Дюбуа был увлечен этим предсказанием. Он поверил Геккелю: питекантропус жил на земле, жил!
— Я решил искать предсказанное недостающее звено родословной человека. Родина современных гиббонов — Зондские острова. Я добился назначения на Суматру и в тысяча восемьсот восемьдесят седьмом году уехал туда. Искал, но ничего не нашел: там не удалось обнаружить древние геологические слои. В тысяча восемьсот девяностом году я переехал на Яву. Прошел всего один год, и я нашел. Он словно дожидался меня там, этот обезьяночеловек! По реке Бенгавану, в Триниле… Стоило лишь поднять верхние слои почвы…
Строение бедра показывает, что он ходил на двух ногах, поэтому я назвал его «эректус» — прямостоящий. Конечно, он ходил хуже, гораздо хуже нас, но все же ходил.
Вот только… — вздыхал Дюбуа, — я нашел слишком мало остатков! Крышка черепа, бедро и два зуба… Далеко в стороне от места моих раскопок годом раньше я нашел обломок нижней челюсти. Другие после меня нашли всего один зуб. И это всё! Если бы найти побольше, хотя бы половину черепа.
Около сорока лет прошло с тех пор. Я был моложе вас, Тинг, и вот — я старик. А новых костей нет и нет…
Дюбуа мог говорить часами. Тинг, пораженный сбывшимся предсказанием, уже не думал о бабочках и марках, слушая его.
— Питекантроп, которого я нашел, — продолжал Дюбуа, — погиб при извержении вулкана. Потоки ила и пепла покрыли поверхность и похоронили животных и растения. Так случается на Яве и в наши дни. В слоях — пепел разных цветов, туф, пемза. Они перемешаны с прослойками глины. Позже вода размыла эти слои и унесла часть костей. Поэтому я и нашел не весь скелет, а только части его — питекантроп погиб где-то в другом месте. К Тринилю его принесло водой. Где-то в земле лежат остальные кости этого скелета, лежат и другие скелеты. Они есть! Ведь нашел же я…
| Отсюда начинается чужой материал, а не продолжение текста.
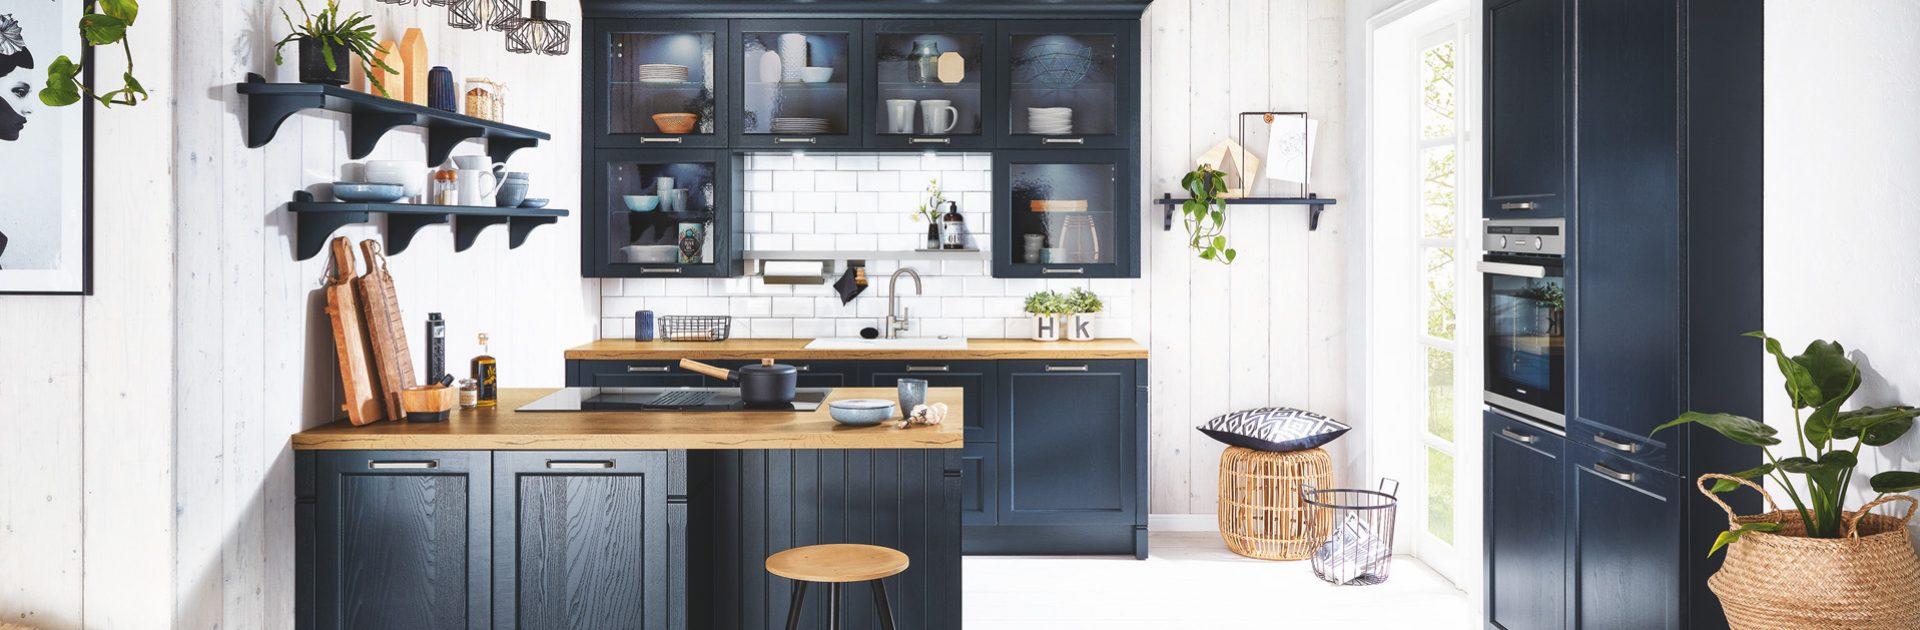 Tips keukenkast inrichten | Eigenhuis Keukens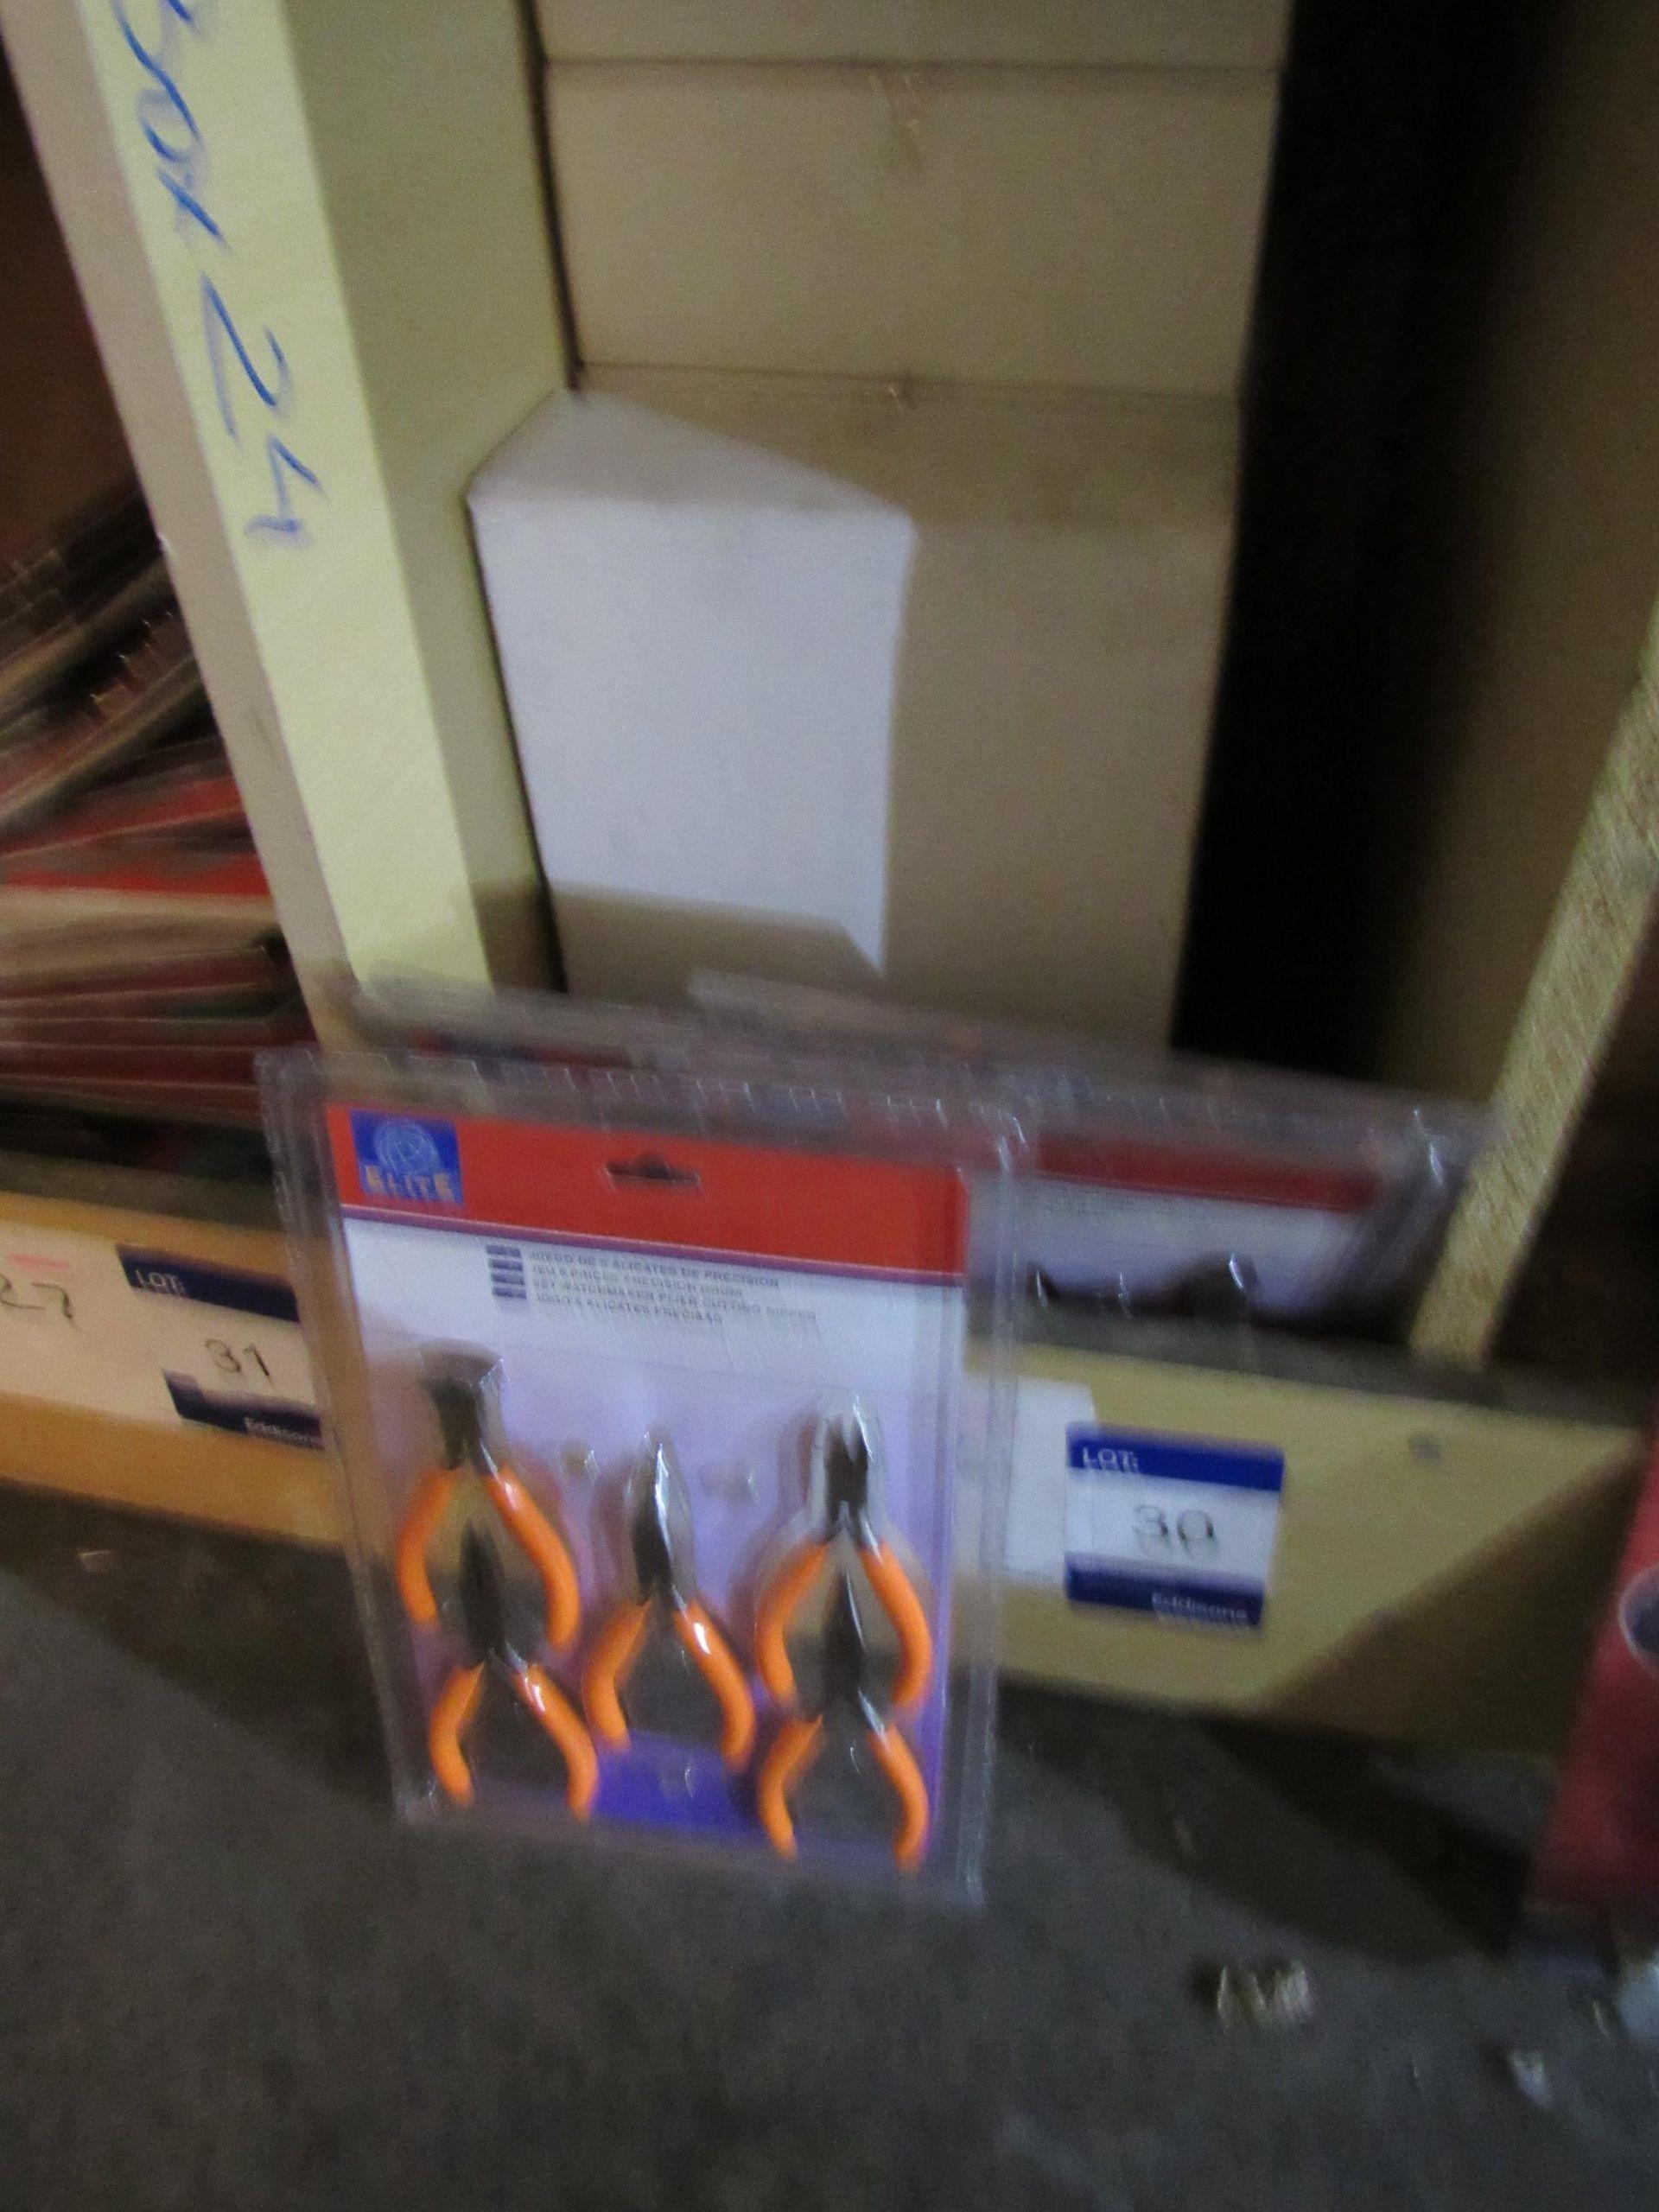 Lot 30 - 47 10022 MINI PLIERS SET - Orange

Тинг наслушался о питекантропе столько, что загадочное существо стало для него чем-то вроде старого приятеля. Нередко случалось, что он думал об обезьяночеловеке, перебирая раковины у себя в кабинете. Он даже называл его теперь просто «питеком».
— Не играйте на руку врагам обезьяночеловека, — упрекал его Дюбуа, — «питек» означает всего лишь «обезьяна».
— Ничего! — отвечал Тинг. — «Питекаптропус» звучно, но очень тяжело и длинно для каждого дня. «Питек» — короче и ласковее.
Теперь Тинг огорчался не меньше Дюбуа тем, что в шкафу лежит всего несколько костей питека. Ему хотелось видеть полный скелет питека!
Это очень соблазняло Тинга. На Яве есть орнитоптеры — соблазн удваивался. Моли живут везде, а яванские изучены очень плохо. Конечно, он найдет новые разновидности!
«Поеду на Яву?» спросил себя Тинг, глядя на яванскую орнитоптеру «Помпея» и представляя ее себе в воздухе, там, на Яве.
— Черный бархат с желтым атласом!
Это оказалось не так просто.
Малайский кампонг[1] зеленел бананами и курчавыми мангустанами, хлебными деревьями и пальмами. Солнце быстро выскакивало на небо утром и еще быстрее ныряло за горизонт вечером. Ливень вставал водяной стеной среди дня. Летучие собаки — калонги — кружились возле деревьев в ночной темноте.
Все было, как и полагается, в яванской глуши, куда забрался Тинг.
Мутная вода сонной реки текла среди отмелей и наносов. На отмелях чутко дремали огромные крокодилы. В наносах рыли ямы малайцы, терпеливо поднимая пласт за пластом. За землекопами присматривал Яа, рекомендованный Тингу как опытный человек.
Было все, кроме одного: костей питека.
Дюбуа сделал Тингу множество указаний и наставлений, где и как искать.
— Ищите тринильские слои! Это слои, образовавшиеся в то же время, что и в Триниле, слои определенного возраста. Они отложились как раз в те времена, когда на Яве жили питеки. В таких слоях и нужно искать.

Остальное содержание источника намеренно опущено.